Of course, this isn’t a very useful tool for food, but has useful implications for detecting anatomic imagery, and Periscope purchases the app for $4 million dollars. But that leaves Dinesh to train the model on what is a hot dog and what isn’t:
Gilfoyle finds this hilarious, naturally. And it is funny for the characters in the show.
But the reality is that content moderation and AI training has a dark side. We often overlook the people who have to train the models to identify explicit content in order to help the rest of us avoid it.
In an interesting article, workers in Kenya were employed to train ChatGPT to identify and label explicit content. That meant reading the content and labeling it for ChatGPT to understand.
In a process called Reinforcement Learning from Human Feedback, or RLHF, bots become smarter as humans label content, teaching them how to optimize based on that feedback. AI leaders, including OpenAI’s Sam Altman, have praised the practice’s technical effectiveness, yet they rarely talk about the cost some humans pay to align the AI systems with our values.
This can take a heavy toll on the workers who are doing the moderation and training:
Mophat Okinyi, a QA analyst on Mathenge’s team, is still dealing with the fallout. The repeated exposure to explicit text, he said, led to insomnia, anxiety, depression, and panic attacks. Okinyi’s wife saw him change, he said, and she left him last year. “However much I feel good seeing ChatGPT become famous and being used by many people globally,” Okinyi said, “making it safe destroyed my family. It destroyed my mental health. As we speak, I’m still struggling with trauma.”

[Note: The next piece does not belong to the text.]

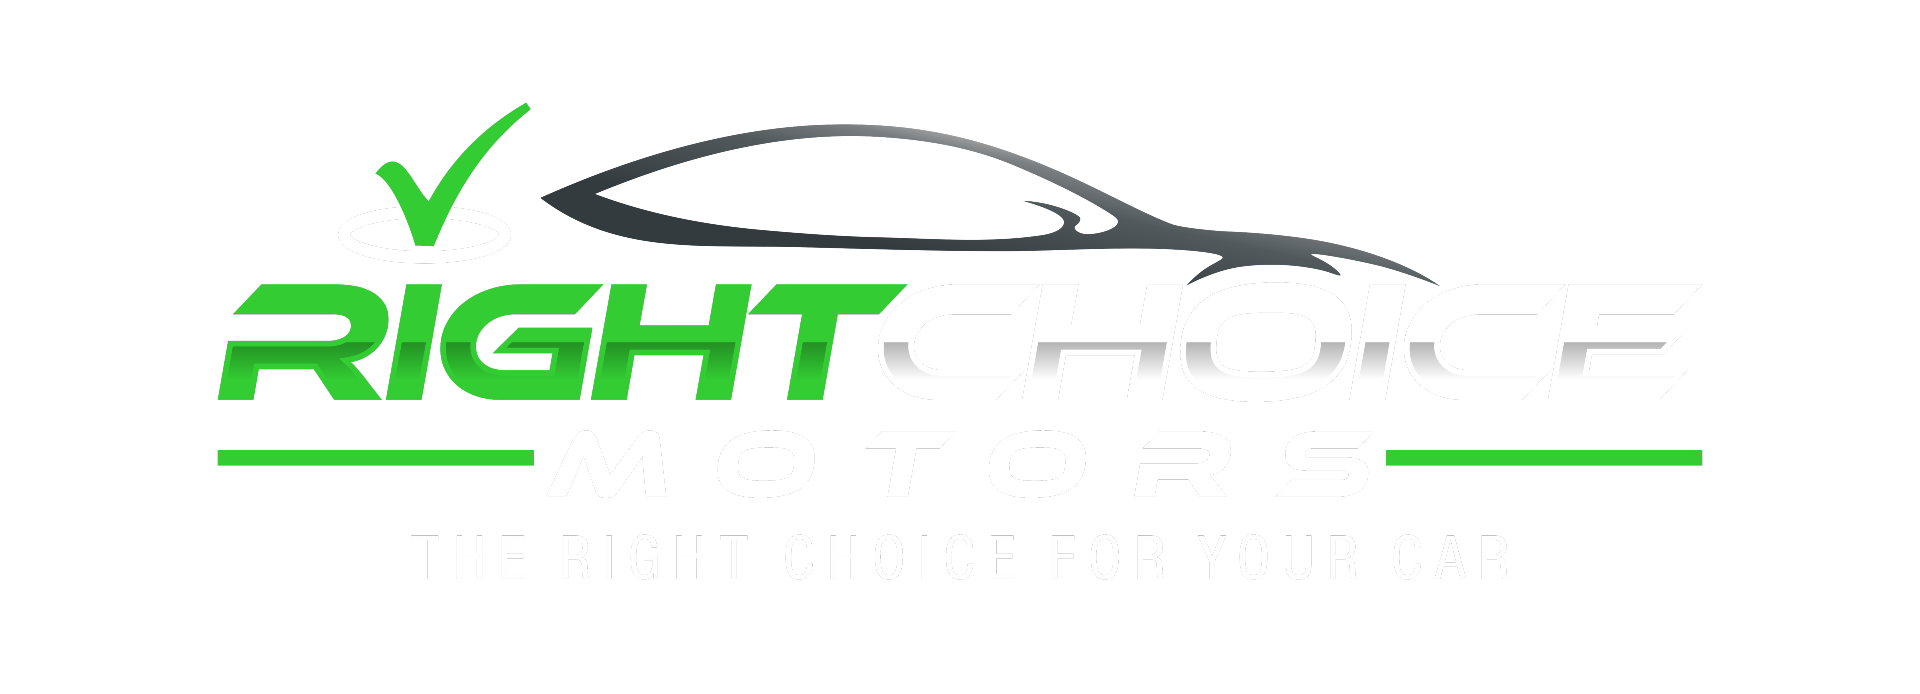 right choice motors logo

This isn’t a new problem, but it is still a serious one. In an article in The Verge, they discuss how Facebook handles its content moderation by asking its (mostly contractors) to review the most obscene content and decide if it violates standards:
Here is a racist joke. Here is a man having sex with a farm animal. Here is a graphic video of murder recorded by a drug cartel. Some of the posts Miguel reviews are on Facebook, where he says bullying and hate speech are more common; others are on Instagram, where users can post under pseudonyms, and tend to share more violence, nudity, and sexual activity.
Each post presents Miguel with two separate but related tests. First, he must determine whether a post violates the community standards. Then, he must select the correct reason why it violates the standards. If he accurately recognizes that a post should be removed, but selects the “wrong” reason, this will count against his accuracy score.
All of us benefit from the work that contractors and employees do behind the scenes to identify harmful content. But it’s not without significant cost. And that’s important to remember. Because we can’t continue to use up real people to clean up the messes society makes with technology.